5) Pada kasus yang amat ringan perdarahan bermanifestasi sebagai darah
samar pada tinja dan secara fisis akan dijumpai tanda – tanda anemia
defisiensi dengan etiologi yang tidak jelas.
6) Pada pemeriksaan fisis biasanya tidak ditemukan kelainan kecuali
mereka yang mengalami perdarahan yang hebat sehingga
menimbulkan tanda dan gejala gangguan hemodinamik yang nyata
seperti hipotensi, pucat, keringat dingin, takikardia sampai gangguan
kesadaran.
b. Gastritis kronis
1) Bervariasi dan tidak jelas
2) Perasaan penuh, anoreksia
3) Distress epigastrik yang tidak nyata
4) Cepat kenyang

7. Pemeriksaan Fisik
a) Kesadaran : pada awalnya CM ( compos mentis), perasaan tidak berdaya.
b) Respirasi : tidak mengalami gangguan
c) Kardiovaskuler : hypotensi, takikardia, disritmia, nadi perifer lemah,
pengisian kapiler lambat (vasokontriksi), warna kulit pucat, sianosis,
kulit/membrane mukosa berkeringat ( status syok, nyeri akut)
d) Persyarafan : sakit kepala, kelemahan, tingkat kesadaran dapat terganggu,
disorientasi/bingung, nyeri epigastrium.
e) Pencernaan : anoreksia, mual, muntah oleh karena luka duodenal, nyeri
ulu hati, tidak toleran terhadap makanan ( coklat, pedas), membrane
mukosa kering. Factor pencetus : makanan, rokok, alcohol, obat-obatan
dan stressor psikologi.
f) Genetourenaria : biasanya tidak mengalami gangguan.
g) Muskuloskletal : kelemahan, kelelahan.
h) Intergritas ego : faktor stress akut, kronis, perasaan tidak berdaya, adanya
tanda ansietas : gelisah, pucat, berkeringat.

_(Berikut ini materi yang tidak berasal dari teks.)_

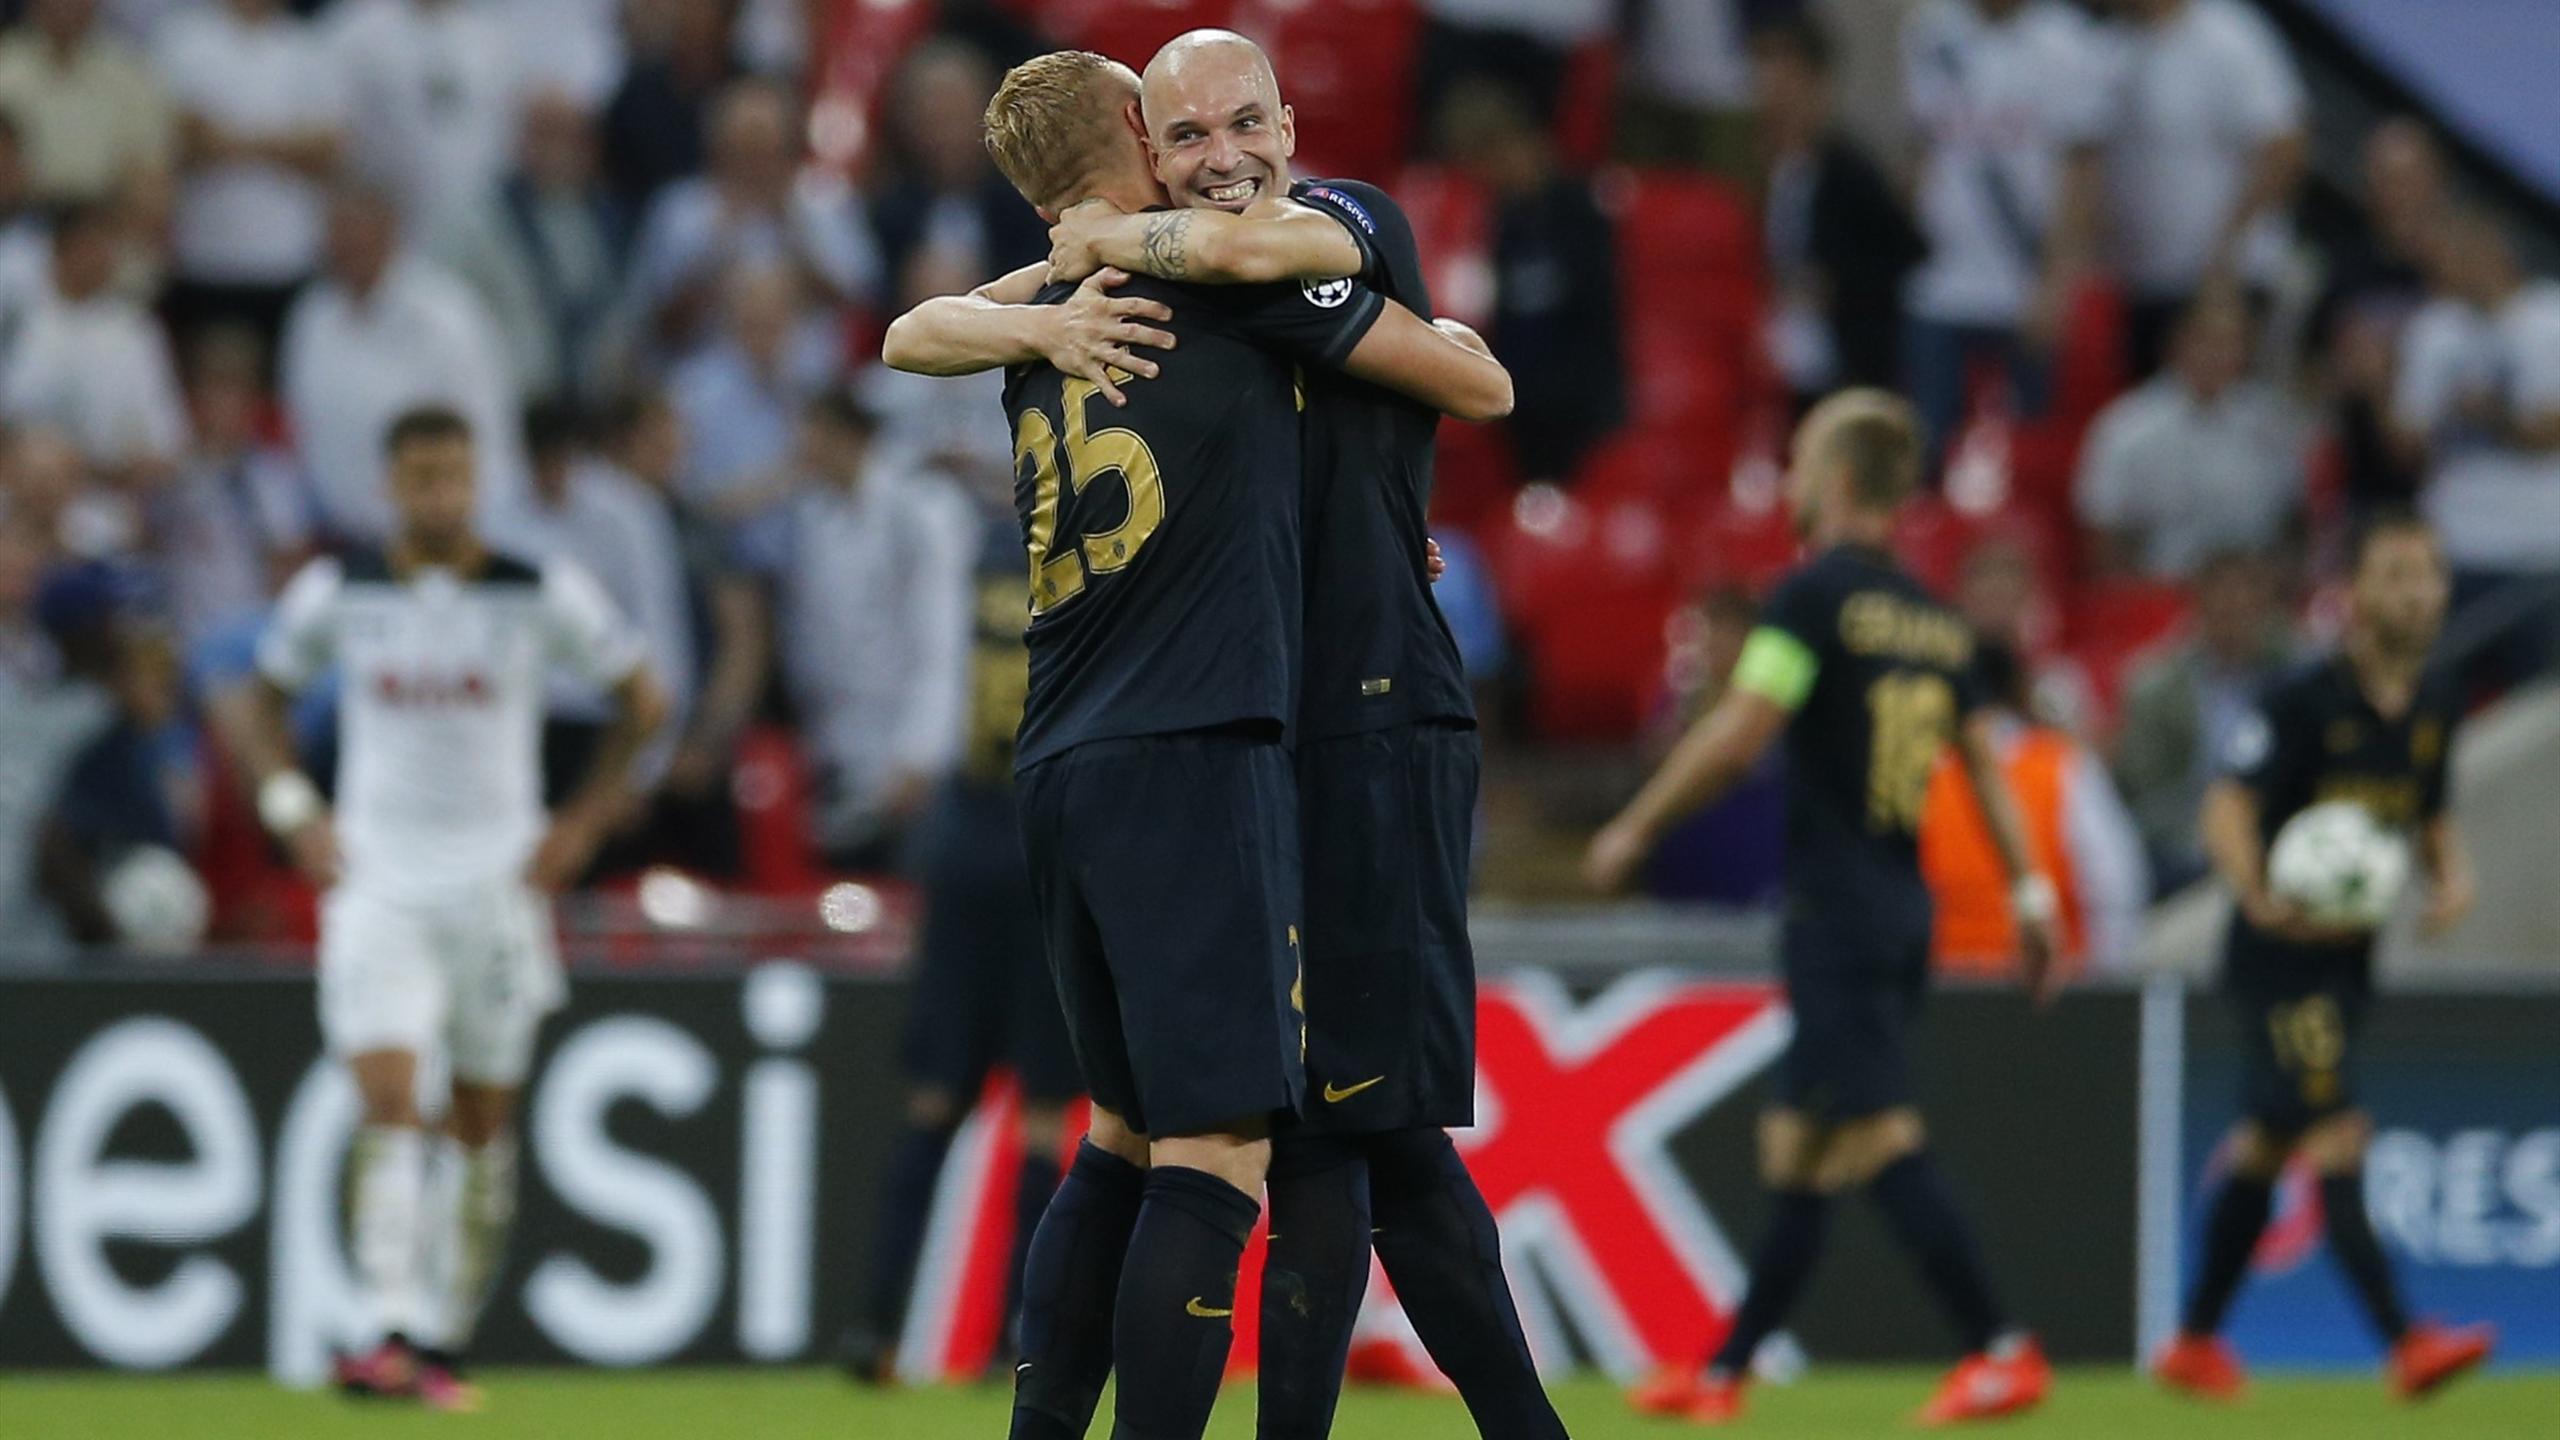 Raggi et Glik lors de la victoire de Monaco à Tottenham

8. Pemeriksaan Diagnostik / Penunjang


a. Pemeriksaan laboratorium
1) Kultur : untuk membuktikan adanya infeksi Helicobacter pylori
2) CLO ( Rapid ureum test) : untuk menegakkan diagnosis H.pylori
3) Pemeriksaan serologi untuk H.pylori : sebagai diagnosis awal
4) Analisis cairan lambung : untuk memperjelas diagnosis
b. Pemeriksaan radiologi
1) Endoskopi : meliputi topografi dan gambaran endoskopinya dimana
gambaran endoskopinya meliputi :
- Eritematous / eksudatif
- Erosi flat, erosi raised, atrofi, hemoragik, hyperplasia rugae.
2) Hispatologi dengan melakukan biopsy pada semua segmen lambung
dimana hasilnya meliputi :
- Etiologi : menyebutkan ada tidaknya bakteri Helicobacter Pylori
- Topografi : meliputi gastritis kronis antrum, korpus atau gastritis
dengan predomonasi antrum atau korpus.
- Morfologi : menerangkan tentang inflamasinya, aktivitas radang,
metaplasia intestinal, Helicobacter pylori.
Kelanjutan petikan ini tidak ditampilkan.